# Sight radius for home defense



## tvphotog (Feb 24, 2016)

My maximal shooting distance for my home is 12 yards. Does the 5/8 " difference of sight radius between a compact and full sized pistol of the same model make any difference in accuracy or speed of target acquisition?


----------



## denner (Jun 3, 2011)

Not any noticeable accuracy difference in my experience with the firearms I use and used at that distance. At 15 yards and under I'd be quite confident with a 1 7/8 inch barrel snubbie on a human sized target.


----------



## OldManMontgomery (Nov 2, 2013)

To answer your question exactly as asked, probably not. 

But there's more. Since this is home defense weapon, there is NO premium on 'small'. A home defense firearm doesn't have to be concealed, doesn't have to be worn under 'summer clothes' and the weight is immaterial to a large extent, as it isn't carried for long periods of time or distance. I also suggest - opine - a 'larger' gun may be more visible to an intruder and therefore may send the intruder running, removing the need to injure and possibly kill some nitwit. (Saving the homeowner much aggravation and inconvenience at least.) 

On the other hand, if you are (at least currently) restricted to one sidearm, and that sidearm will also be used for concealed carry in public, then one must address that issue as well. However, a slight lack of sight radius will not seriously detract from practical, self-defense accuracy.


----------



## DJ Niner (Oct 3, 2006)

Short answer: as long as you can hit the vital zone on a target at 12 yards with your gun/ammo combo, you're good-to-go. 

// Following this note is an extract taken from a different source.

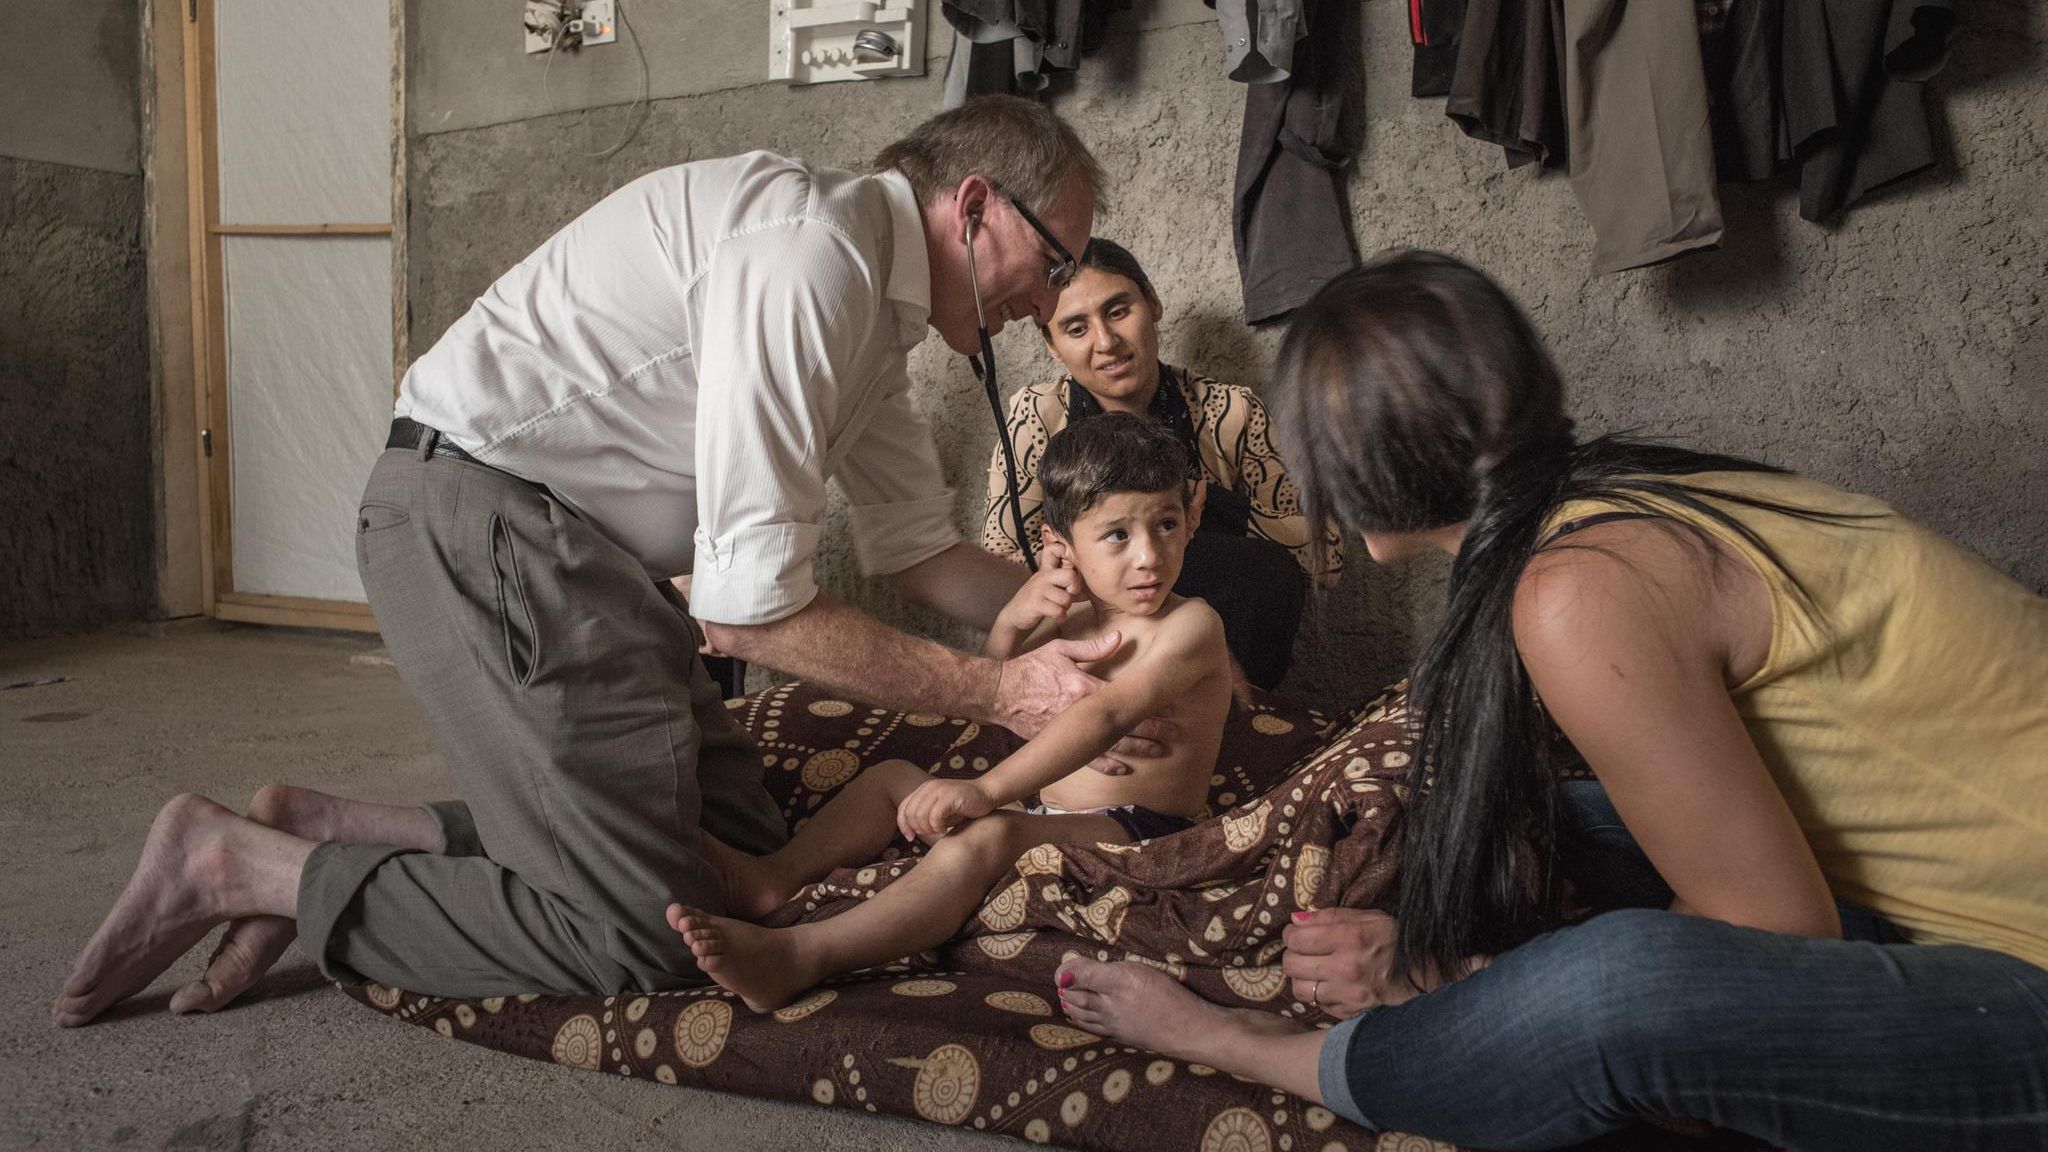 Doktor Gammel holt ein Kind: Wie ein deutscher Arzt einen gefolterten aus  dem Irak rettet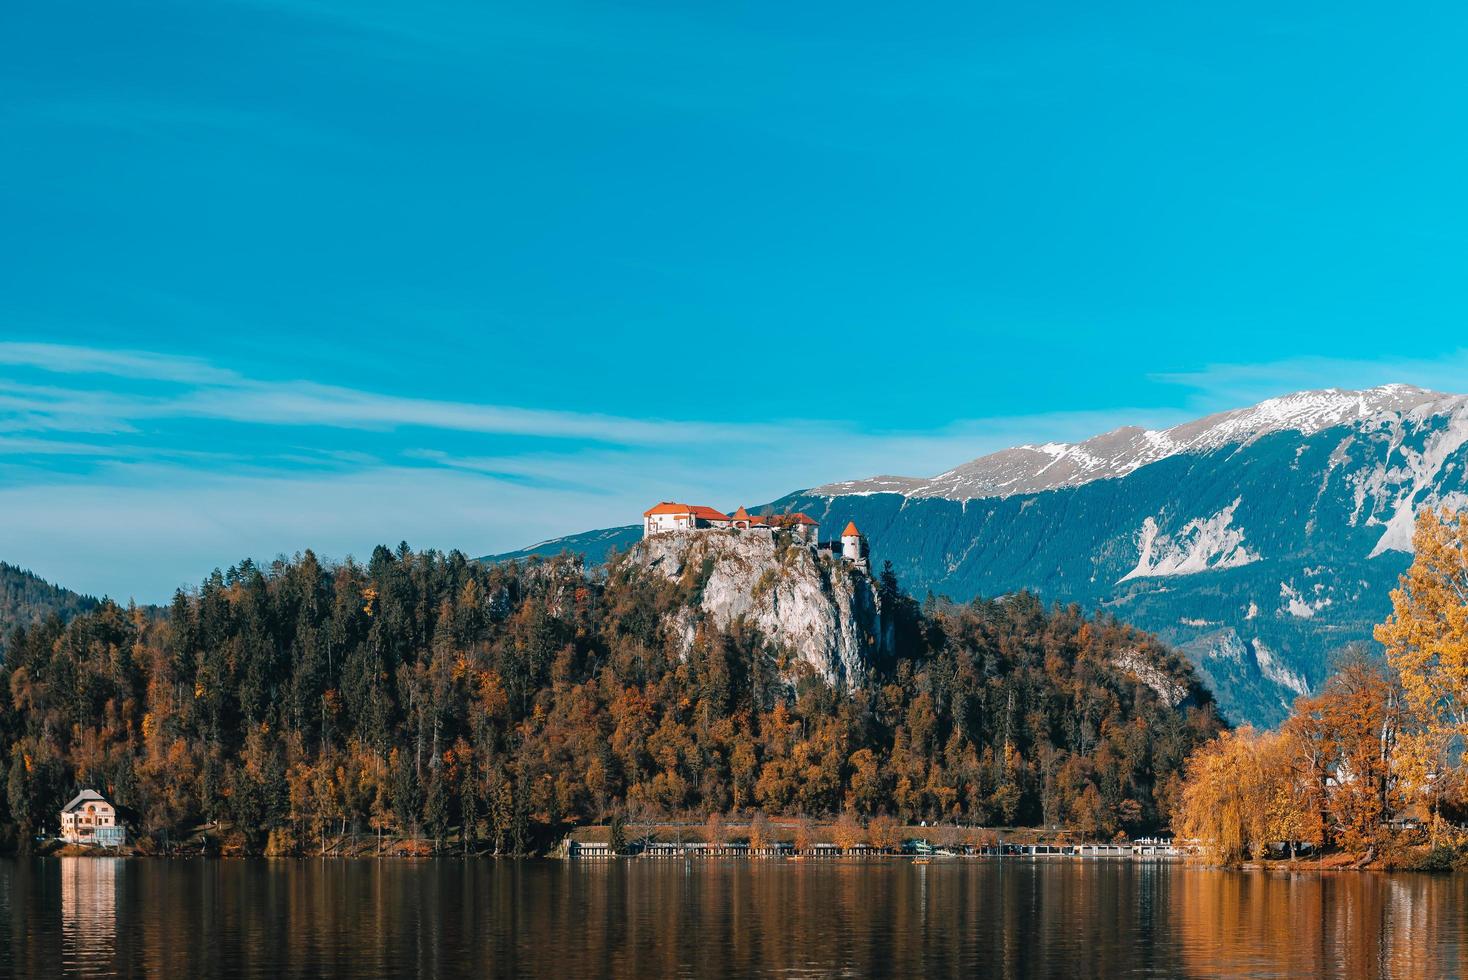 lago sangrado en las montañas alpinas foto

It might be easier with a larger firearm, but as long as you can hit with a smaller gun (or are willing to get the training and put in the practice needed to learn to hit with it), you're good. There might even be a few advantages to having a smaller pistol/revolver. Some defensive shooting authorities have made the point that a smaller handgun is often more difficult to "take away" from the defender (should the user be surprised/"jumped" by the bad guy at close range), as it offers the perp less barrel/slide to grab on to, and less leverage to pry it out of your hands if he DOES get a hand on it. On a 5" barrel (or longer) pistol, sometimes another person can grab the barrel/slide in such a way that they might not get shot or muzzle-flamed on firing; on a 2" revolver or a 3.5" pistol, that's MUCH harder to do. Of course, as in most things, a person can go too far in any given direction. If the pistol in question is so small it only offers the owner a two-fingered grip, then it might actually be EASIER to grab it out of the owner's hands than a full-size pistol with a full-size grip.


----------



## paratrooper (Feb 1, 2012)

Is _maximal_ even a word? :watching:

Oh, and by the way, the answer to your question is no.


----------



## Cait43 (Apr 4, 2013)

paratrooper said:


> Is _maximal_ even a word? :watching:


It is now.......... 
Maximal | Definition of Maximal by Merriam-Webster


----------



## paratrooper (Feb 1, 2012)

word choice - "Maximum" vs. "maximal" - English Language & Usage Stack Exchange

I give up.........It seems I can't keep up anymore. :smt119


----------



## Bisley (Aug 24, 2008)

If minimal is a word, then maximal must be, too.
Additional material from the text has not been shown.